• **INSTRUCTIONS FOR THE TASK**: Please write out every line of the listing without alteration, but omit the images.

• **DATA PROVIDED**:
::::
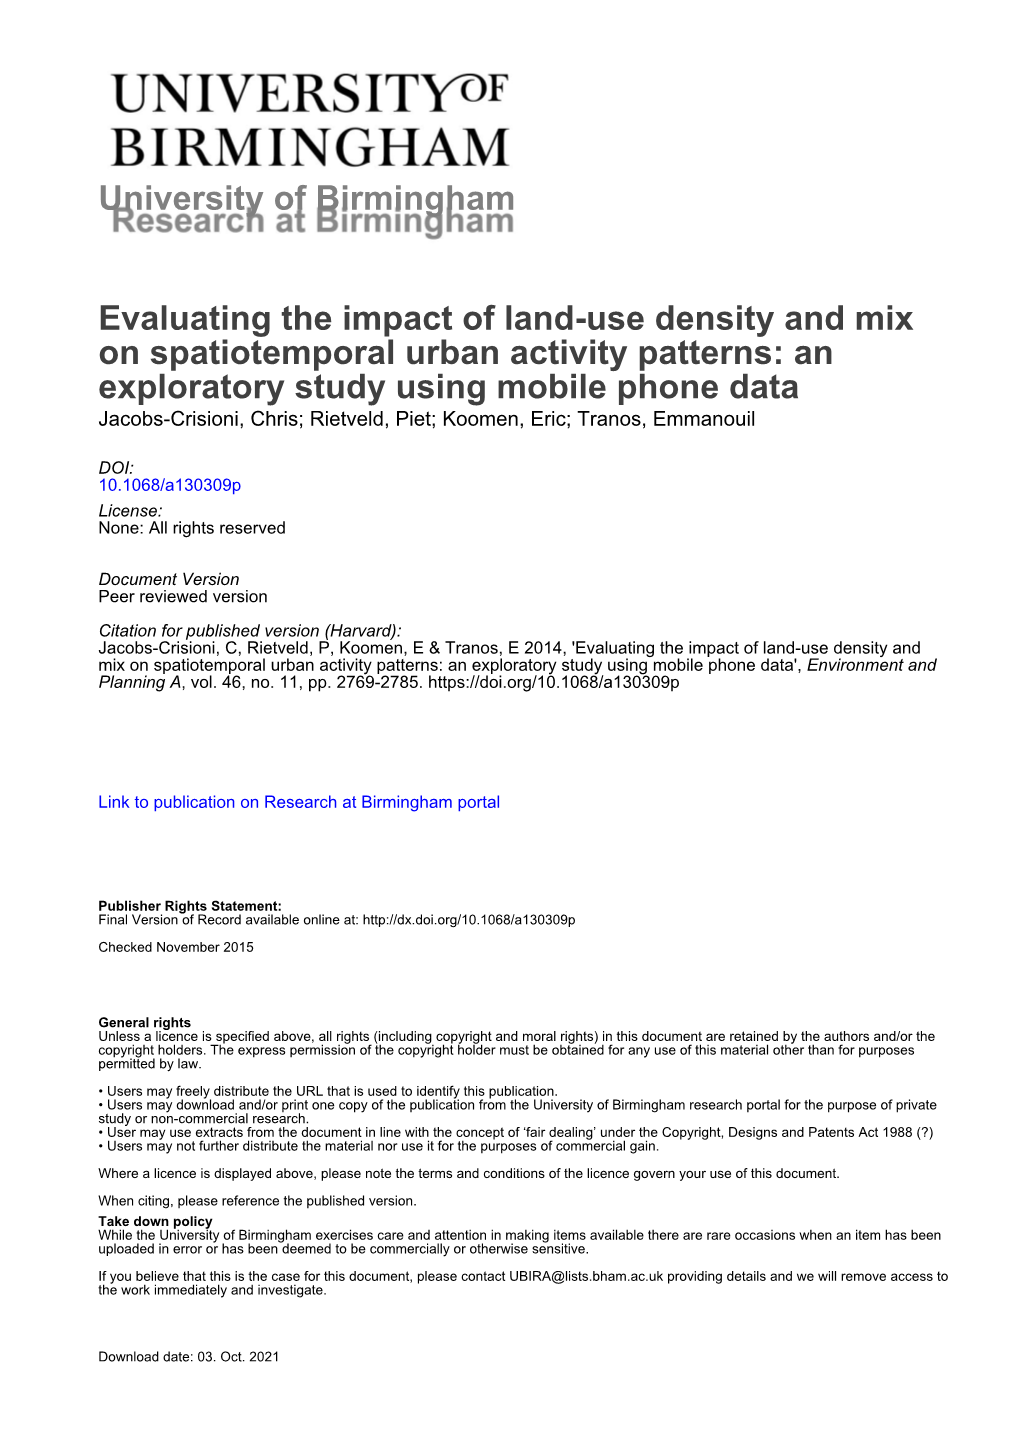 Evaluating the Impact of Land-Use Density and Mix on Spatiotemporal
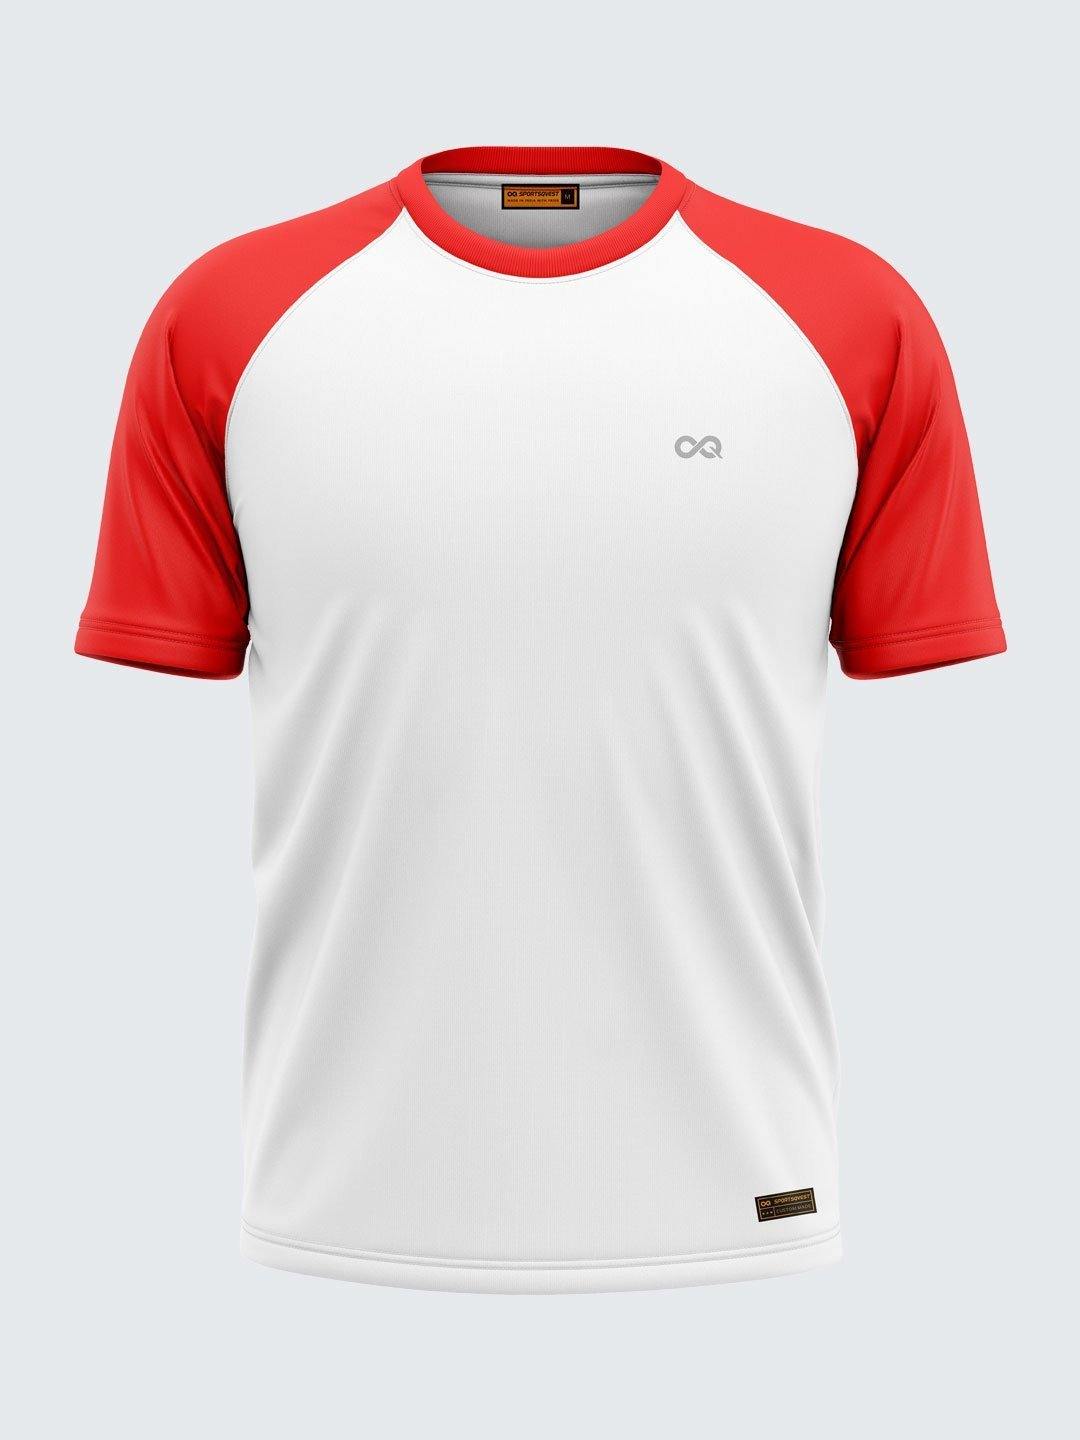 SXV Solid Dual Color Raglan Sleeve T-Shirt for Men (Red-White)
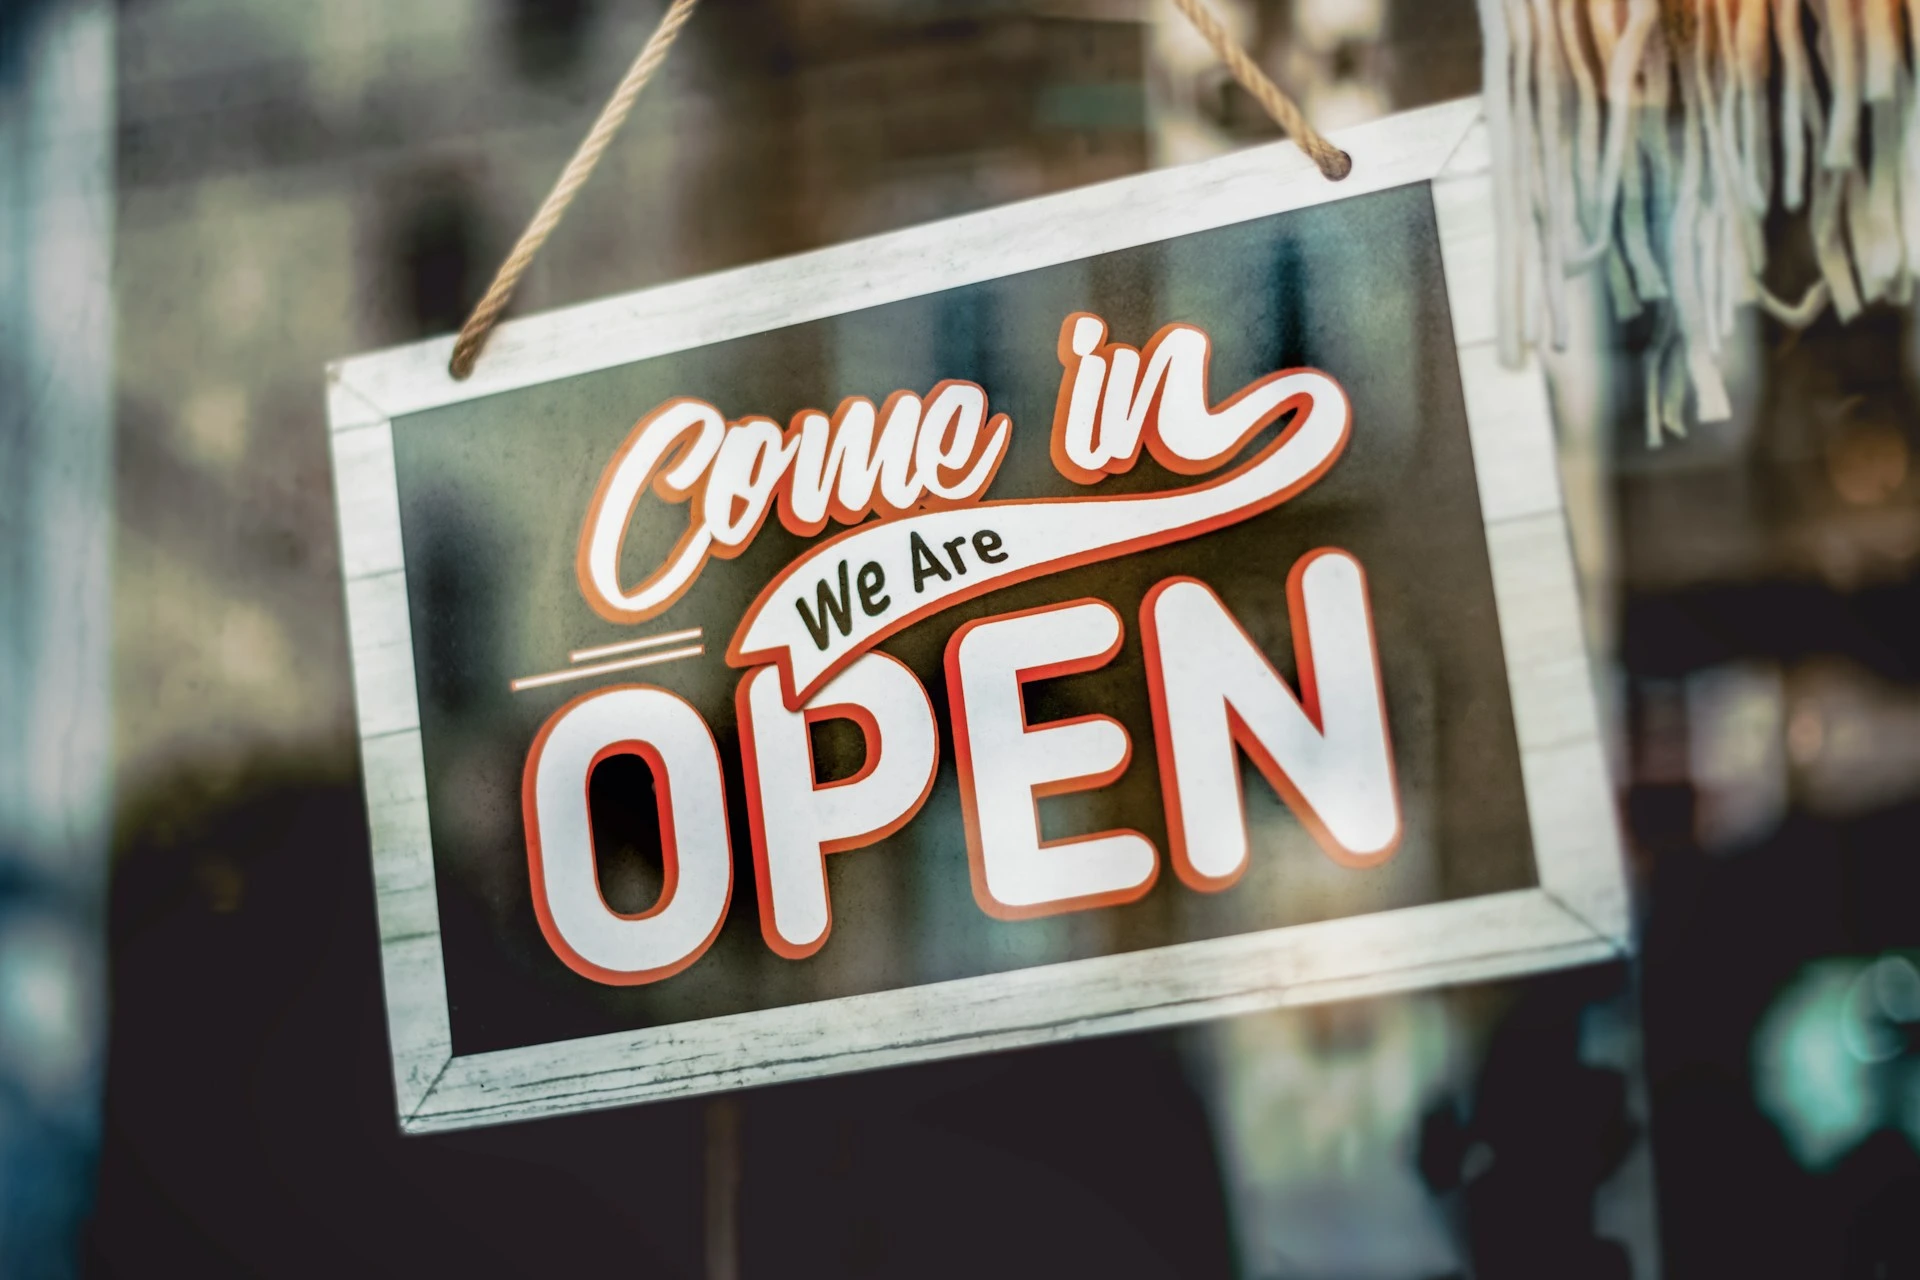 A neon sign in a window reads "come in we are open," hanging from a metal chain with a blurred background, inviting the brand community inside.
::::
• **YOUR SOLUTION**:
 Evaluating the Impact of Land-Use Density and Mix on Spatiotemporal
 SXV Solid Dual Color Raglan Sleeve T-Shirt for Men (Red-White)
 A neon sign in a window reads "come in we are open," hanging from a metal chain with a blurred background, inviting the brand community inside.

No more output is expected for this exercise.